As a few tests demonstrate, this adds 1 byte to some revlog entries.
This is because of an added 'u' header on the chunk. It seems
somewhat wrong to increase the revlog size here. However, IMO the cost
of 1 byte in storage is insignificant compared to the performance gains
of avoiding decompression. This patch should invite questions around
the heuristic for throwing away compressed data. For example, I'd argue
we should be more liberal about rejecting compressed data, additionally
doing so where the number of bytes saved fails to reach a threshold.
But we can have this discussion another time.
Sean Farley <sean@farley.io> [Sat, 07 Jan 2017 20:43:49 -0800] rev 30791
similar: rename local variable to not collide with previous
Future patches will move the score function to the module level, so
let's not shadow that.
Sean Farley <sean@farley.io> [Mon, 09 Jan 2017 10:59:45 -0800] rev 30790
patch: add label for coloring the index extended header
Just like the summary says, this will colorize the:
index
3d3ba4b65e11..
57274a0f46b2 100644
line in the diff output.
Sean Farley <sean@farley.io> [Sat, 31 Dec 2016 15:41:57 -0600] rev 30789
patch: add index line for diff output
This helps highlighting in third-party diff coloring (which assumes git
output) and maintains pedantic correctness with diff --git.
Tests will be added at the end of the series.
Sean Farley <sean@farley.io> [Mon, 09 Jan 2017 11:13:47 -0800] rev 30788
patch: add config knob for displaying the index header
This config knob can take an integer between 0 and 40 or a
keyword ('none', 'short', 'full') to control the length of hash to
output. It will display diffs with the git index header as such,
diff --git a/mercurial/mdiff.py b/mercurial/mdiff.py
index 112edf7..d6b52c5 100644
We'll put this in the experimental section for now.

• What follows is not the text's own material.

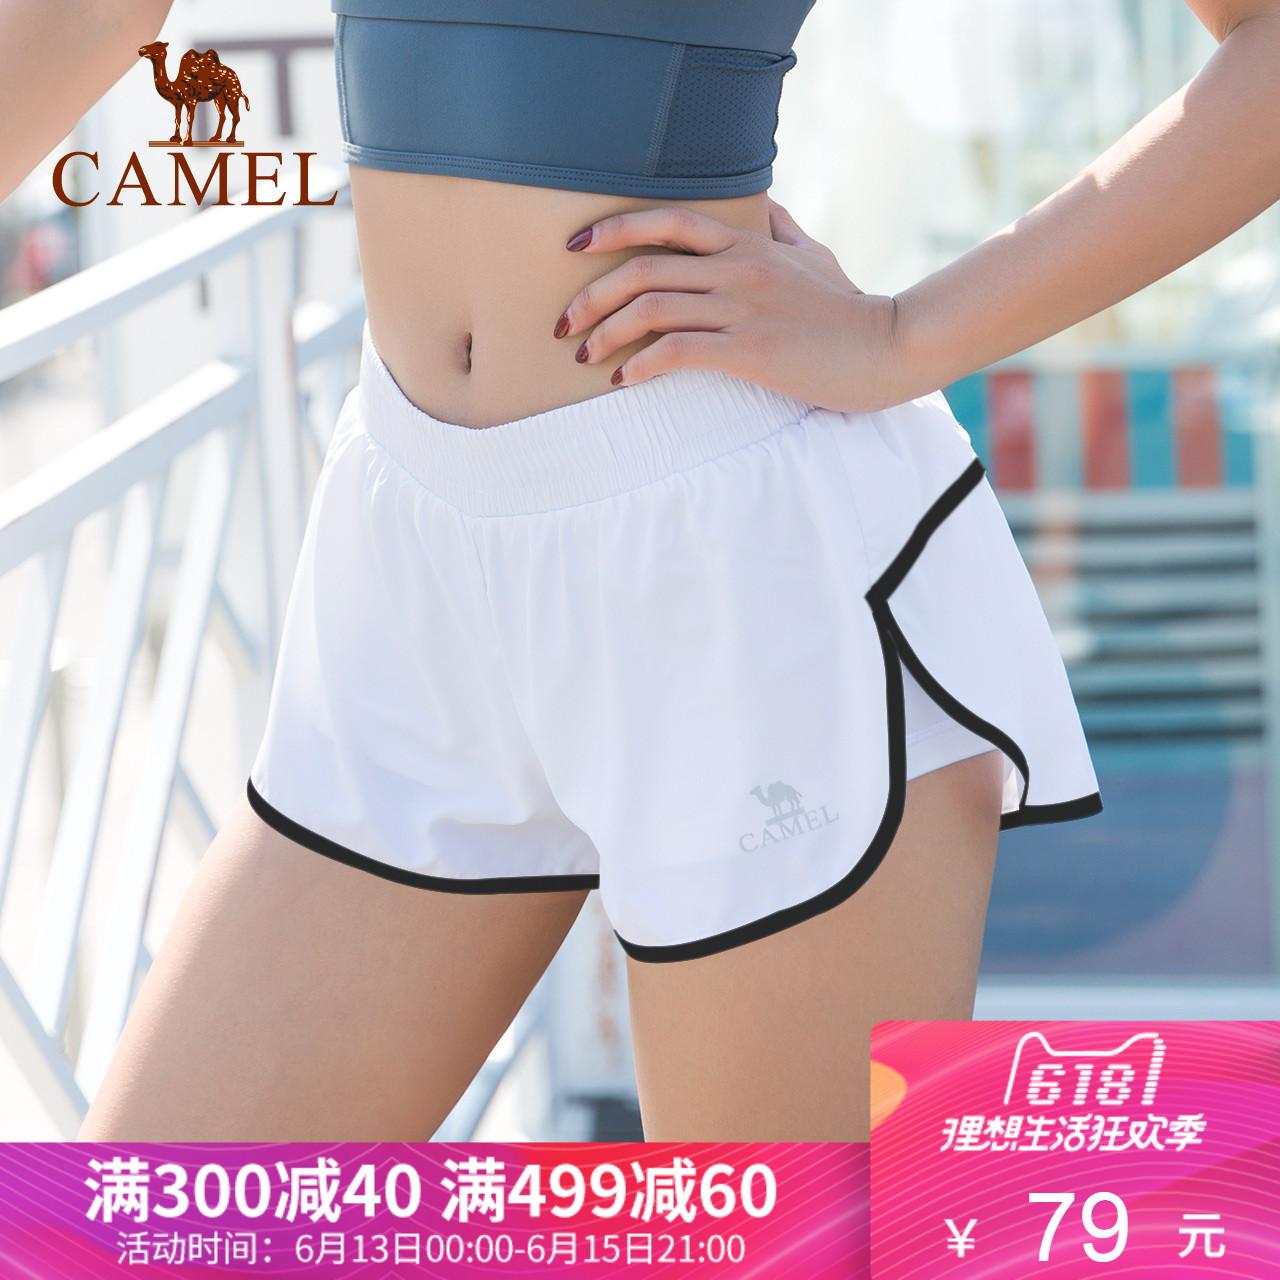 【2018新品】CAMEL骆驼运动健身梭织短裤 春夏女款透气跑步休闲裤

Martin von Zweigbergk <martinvonz@google.com> [Thu, 12 Jan 2017 12:05:23 -0800] rev 30787
bisect: refer directly to bisect() revset predicate in help
We have specific syntax for displaying the help text for a particular
revset predicate, so let's refer directly to the bisect() revset in
the verbose bisect help. It seems likely that the user doesn't care
about other revsets at that point, so they will probably not miss the
text about the other revset predicates.
Martin von Zweigbergk <martinvonz@google.com> [Thu, 12 Jan 2017 11:43:26 -0800] rev 30786
tests: use "hg help revisions.<predicate>" instead of grepping
We have specific syntax for displaying the help text for a particular
revset predicate, so use that instead of grepping through the full
output.
Martin von Zweigbergk <martinvonz@google.com> [Thu, 12 Jan 2017 11:52:05 -0800] rev 30785
help: remove now-redundant pointer to revsets help
"hg help revisions" and "hg help revsets" now point to the same text,
so drop the revsets reference.
Matt Harbison <matt_harbison@yahoo.com> [Sat, 07 Jan 2017 23:35:35 -0500] rev 30784
help: eliminate duplicate text for revset string patterns
There's no reason to duplicate this so many times, and it's likely an instance
will be missed if support for a new pattern is added and documented. The
stringmatcher is mostly used by revsets, though it is also used for the 'tag'
related templates, and namespace filtering in the journal extension. So maybe
there's a better place to document it. `hg help patterns` seems inappropriate,
because that is all file pattern matching.
While here, indicate how to perform case insensitive regex searches.